S’il y a eu "rupture" dans la politique africaine de la France avec Nicolas Sarkozy, il s'agit bien du rapprochement entre Paris et Kigali. Après trois années de parenthèse diplomatique, de procédures judiciaires crispées et de défiance mutuelle, les retrouvailles entre les deux capitales ont eu lieu fin 2009, sous le signe d'un pragmatisme impulsé au plus haut sommet. Moins de deux ans après, Paul Kagamé est pour la première fois en voyage officiel dans l'Hexagone, du 11 au 13 septembre, rendant à son homologue français la visite que celui-ci a effectuée au Rwanda, en février 2010.
Une normalisation qui ne se fait pas sans mal. La gouvernance autoritaire de Kagamé est mise en cause par l’opposition rwandaise, très présente dans la diaspora, ainsi que par une nébuleuse d’ONG. Sans compter les résistances des anciens militaires français de l’Opération turquoise et de nombreux diplomates en poste pendant le génocide de 1994, au premier rang desquels le ministre des Affaires étrangères Alain Juppé, qui a opportunément choisi de quitter la France - pour un voyage officiel aux antipodes - pendant la visite de Kagamé.
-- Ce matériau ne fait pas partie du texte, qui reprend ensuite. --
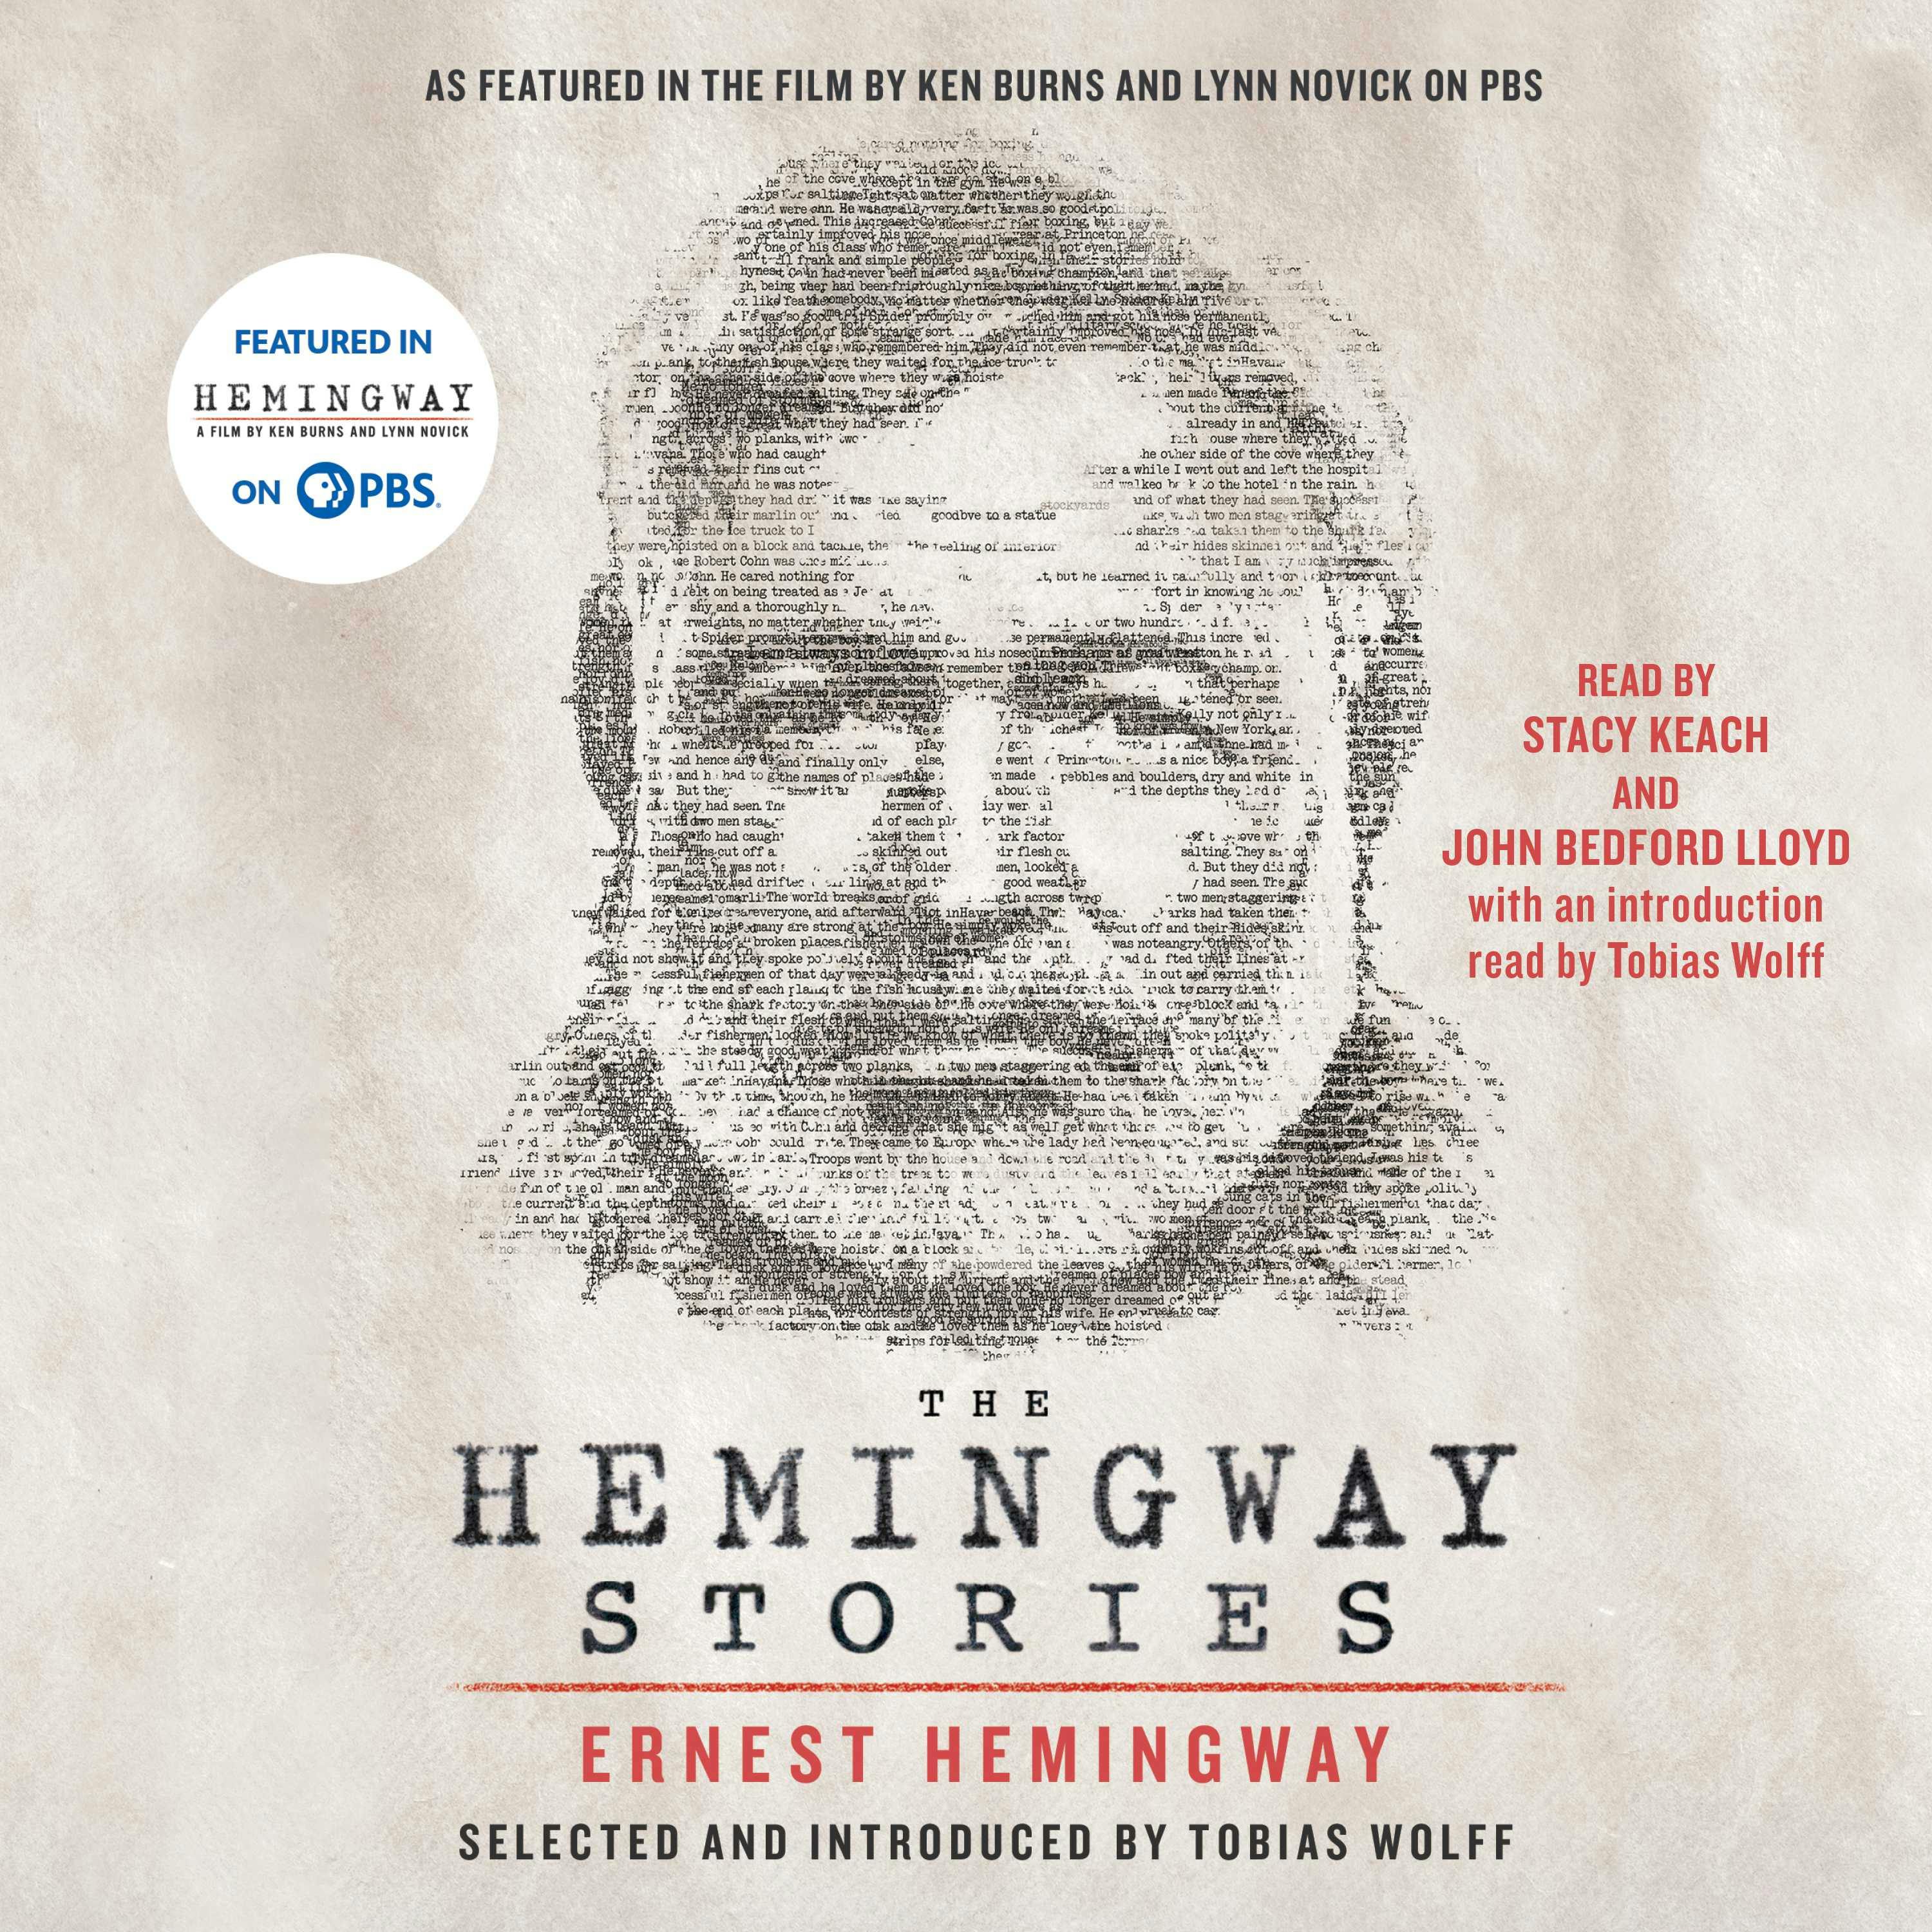 The Hemingway Stories: As featured in the film by Ken Burns and Lynn Novick on PBS - Ernest Hemingway
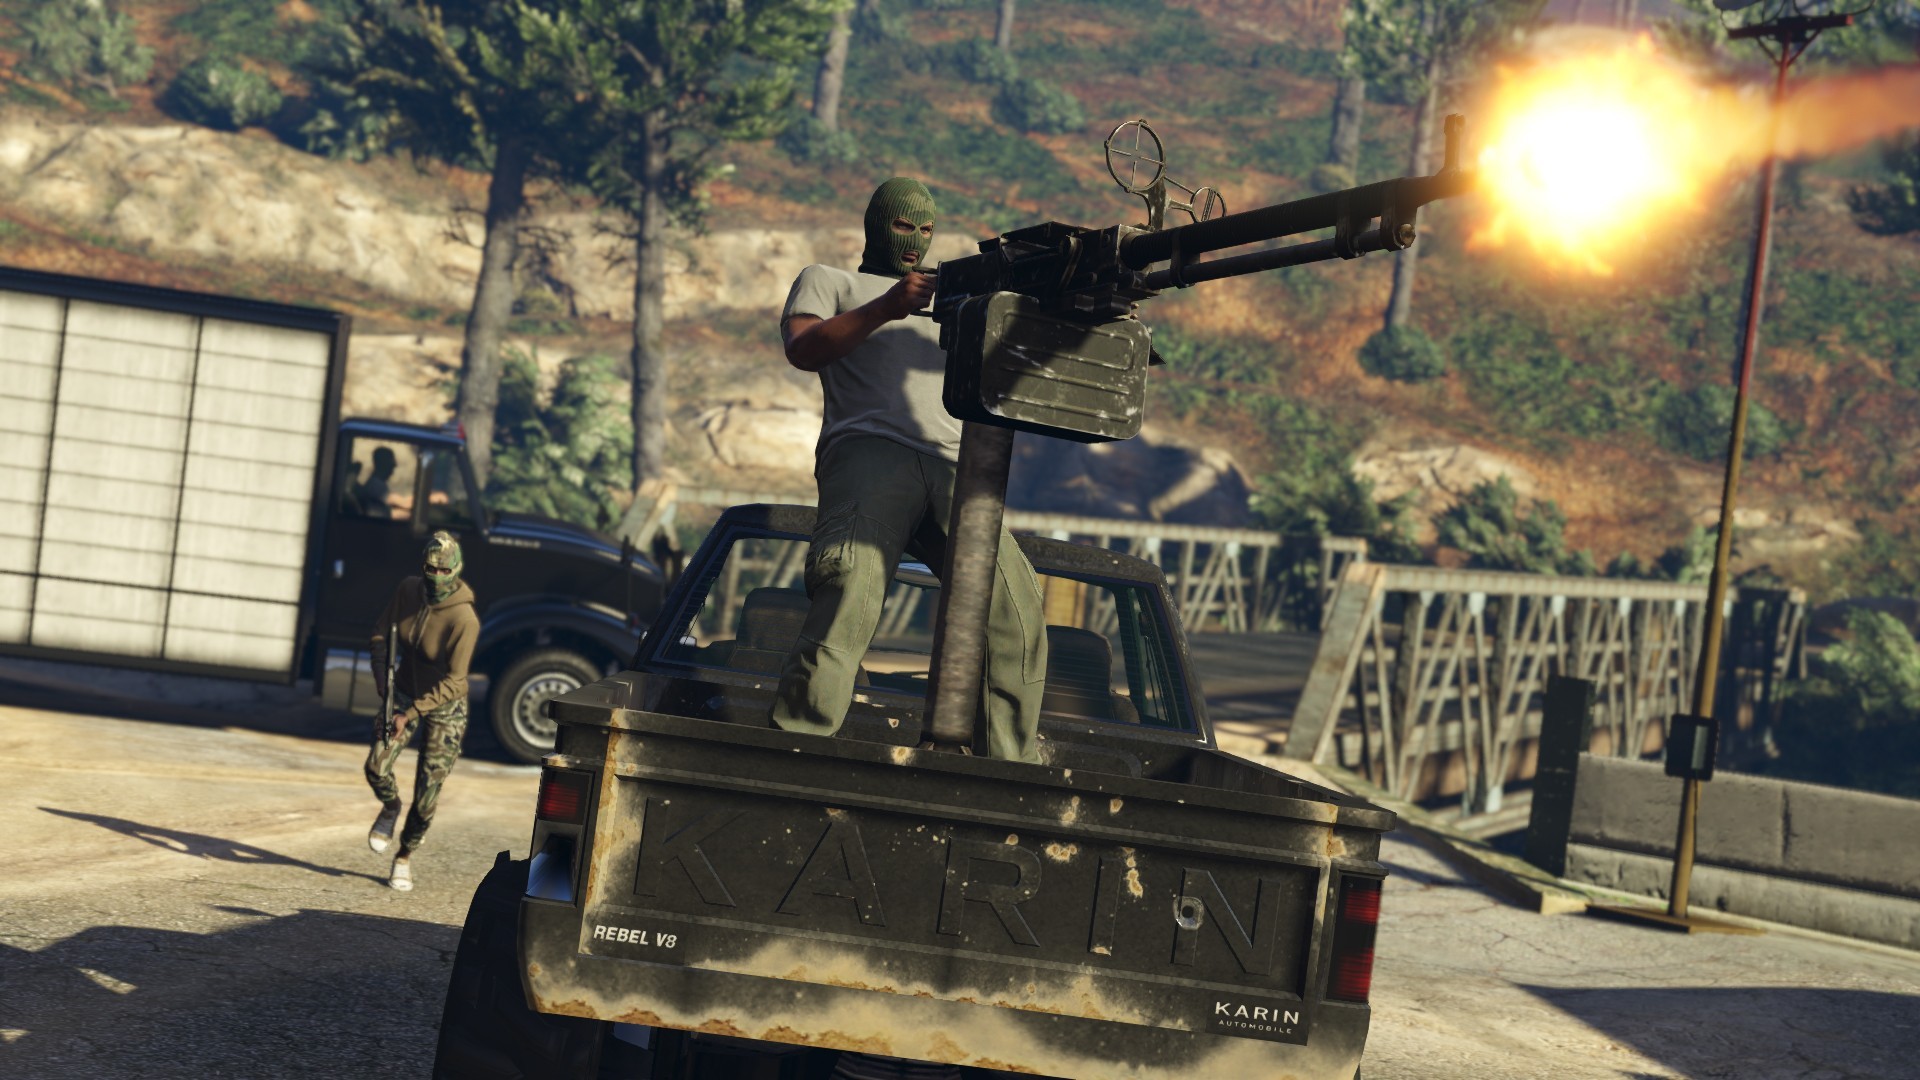 Download Grand Theft Auto 5 High Life Update 1.13 Now on PS3, Xbox 360

En France « de nombreuses personnes refusent la normalisation entre les deux pays », commente pudiquement la ministre rwandaise des Affaires étrangères, Louise Mushikiwabo, interrogée par jeuneafrique.com (voir l'interview vidéo ci-contre). Mais si le Rwanda ne veut pas « tirer un trait sur le passé », dit la ministre, il entend bien lutter contre l’image négative que la plupart des investisseurs ont encore de lui. Et c’est surtout de cela que les présidents Kagamé et Sarkozy ont décidé de parler.